Much appreciated. =D>


----------



## Bodrighy (10 Nov 2010)

Whilst I go along 100% with what Mark has said we need also to remember that it isn't just the wood. A lot of us use finishes that are also inflammable. The oak mentioned is safe enough but what about any finish on it? Personally I prefer to use glass inserts in T lights simply because I have seen wood smouldering with a T light burning low in it. It was pine which is easily set fire to but the potential danger is there and as Mark says, why take the chance for the sake of a few pence?

pete


----------



## skeetoids (10 Nov 2010)

Hi,

I agree with Pete.

I thought about this too and realised that a lot of finishes are also likely to be flammable.

I guess it is a mixture of common sense and taking on board the points that Mark has highlighted.

At the end of the day, none of us are intending to cause any harm, however, there was a very interesting case of a lady, who having experienced a power cut, placed several t-lights in the little aluminium cups in her empty bathtub. Not realising that the enamel on a bath is highly flammable and after some time the heat generated by the t lights caused the bath to ignite and you can guess what happened.

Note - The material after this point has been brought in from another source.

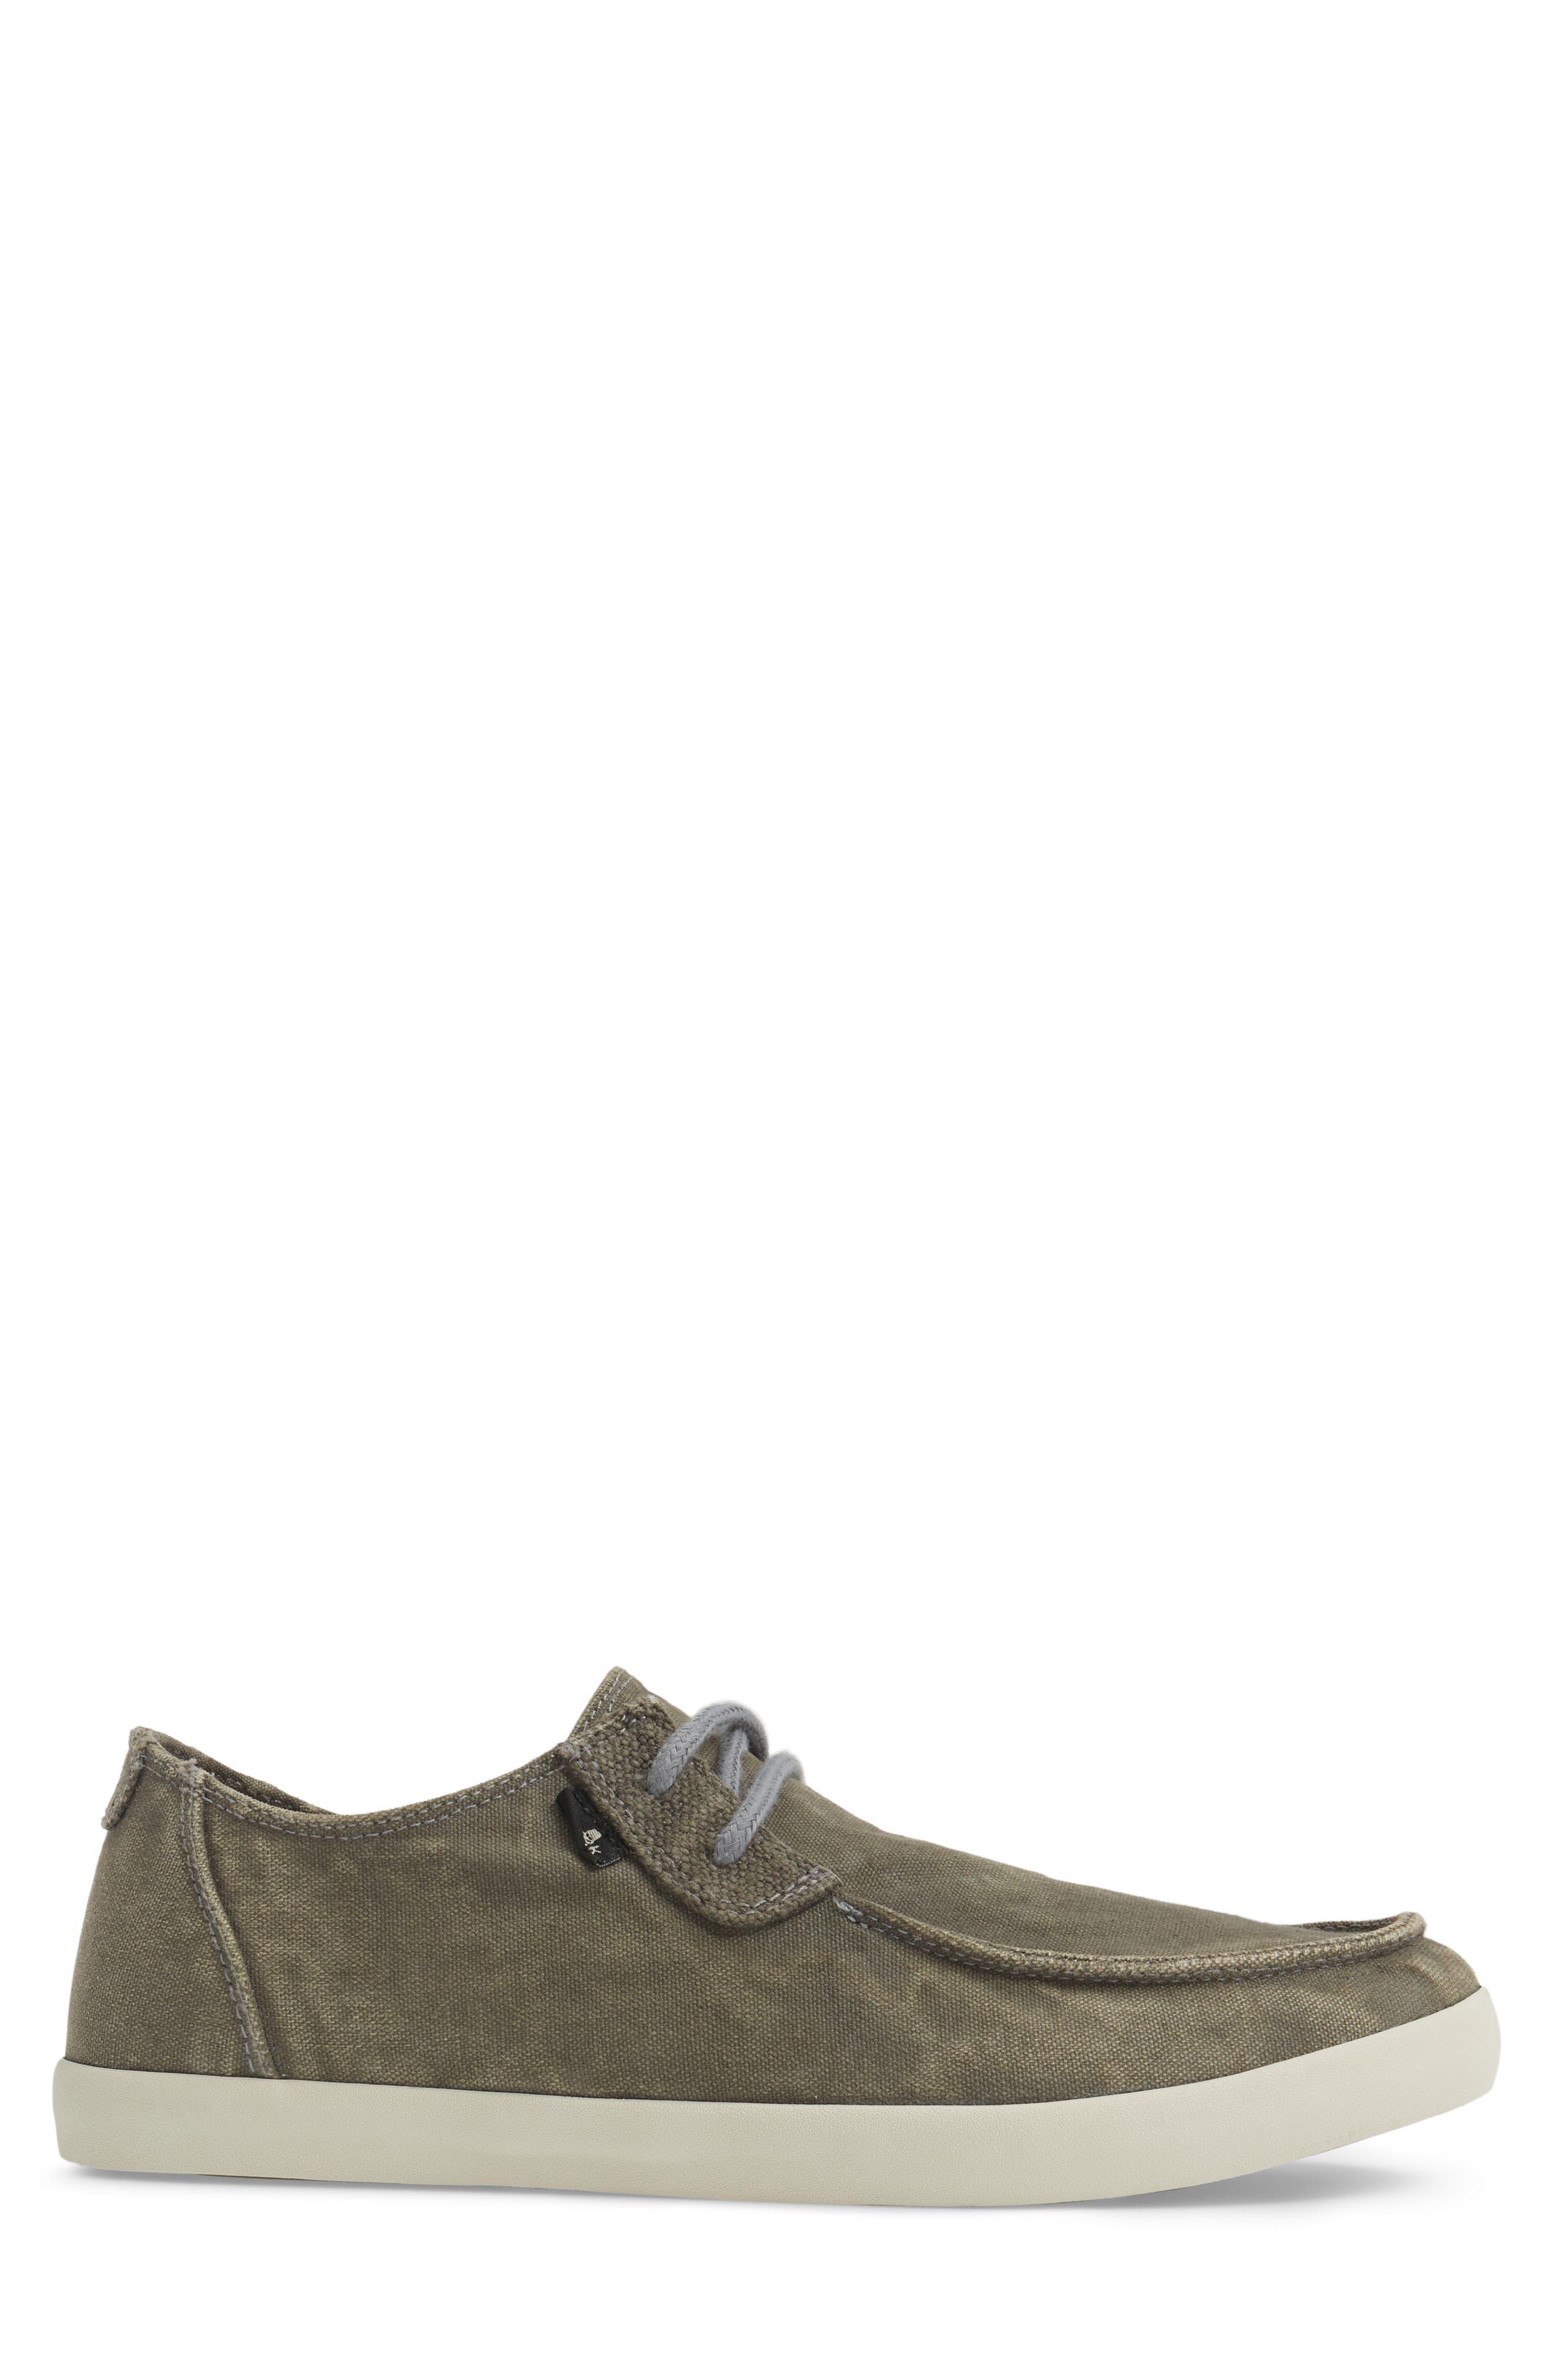 Numami Sneaker,                             Alternate thumbnail 3, color,                             051

Strange thing is she sued the company she bought the t lights from and won becuase there was no safety information at all!

Food for thought possibly.

Cheers,

Lee.


----------



## miles_hot (10 Nov 2010)

skeetoids":240ry3sl said:


> Hi,
> 
> I agree with Pete.
> 
> ...



Ah, now of course if she'd bought some of our _insulating safety_ tea light holders that wouldn't have happened 

Miles


----------



## Bodrighy (10 Nov 2010)

Basically it's the same principle as selling standard lamps. I have seen them all wired up at craft fairs but it is, I think, correct me if I am wrong, actually illegal to sell something like that wired up if you haven't got the right qualifications. You need to get it verified by someone who is for H&S reasons. Once you start selling your work you need to be aware of these things. No yew or laburnum goblets, no matter how pretty they are (need to check the yew as I have been told by an RPT member that it is safe to drink from) food safe finishes, fire hazards. Protect your back because against Mark points out we now live in a litigious society and you will get slammed if you aren't either protected or haven't put safety warnings on certain things. Common sense should apply but often doesn't. The drinking goblets I sell, I warn people that immersing them in hot water or a dishwasher may cause them to split. Common sense? Maybe but a lot of people are unaware.

pete


----------



## Lightweeder (10 Nov 2010)

I must admit, I've often wondered what the legal situation is, and it's nice to have a view on it. Thanks Mark.


----------



## Jonzjob (10 Nov 2010)

Mark, you have pointed out a very valid point and thank you for the time you have put into it!

I have had a small amount of contact wit trading standards and they are as bad as they who solicite. They try to be one jump ahead of the money grabbers and so appear to be lunatic in their zest in finding things wrong with what we do. 

I asked Gloucester Trad Standards what the best way was with the rattles I was making and he asked how they were finished. I told him that they were covered with sunflower oil. He asked if they would burn? They are wood with oil on them, of course they will bloody well burn! His reply was to put a match under them for 5 seconds and if they didn't catch fire then I could certify them as fire safe. I only had to do that with a sample, i.e. not all of the rattles I was selling.

It raelly is a mad world and when you can get a HUGE settlement for drying you dog and killing it in a microwave because it didn't tell you that you couldn't then we all have to watch our backs me-thinks?


----------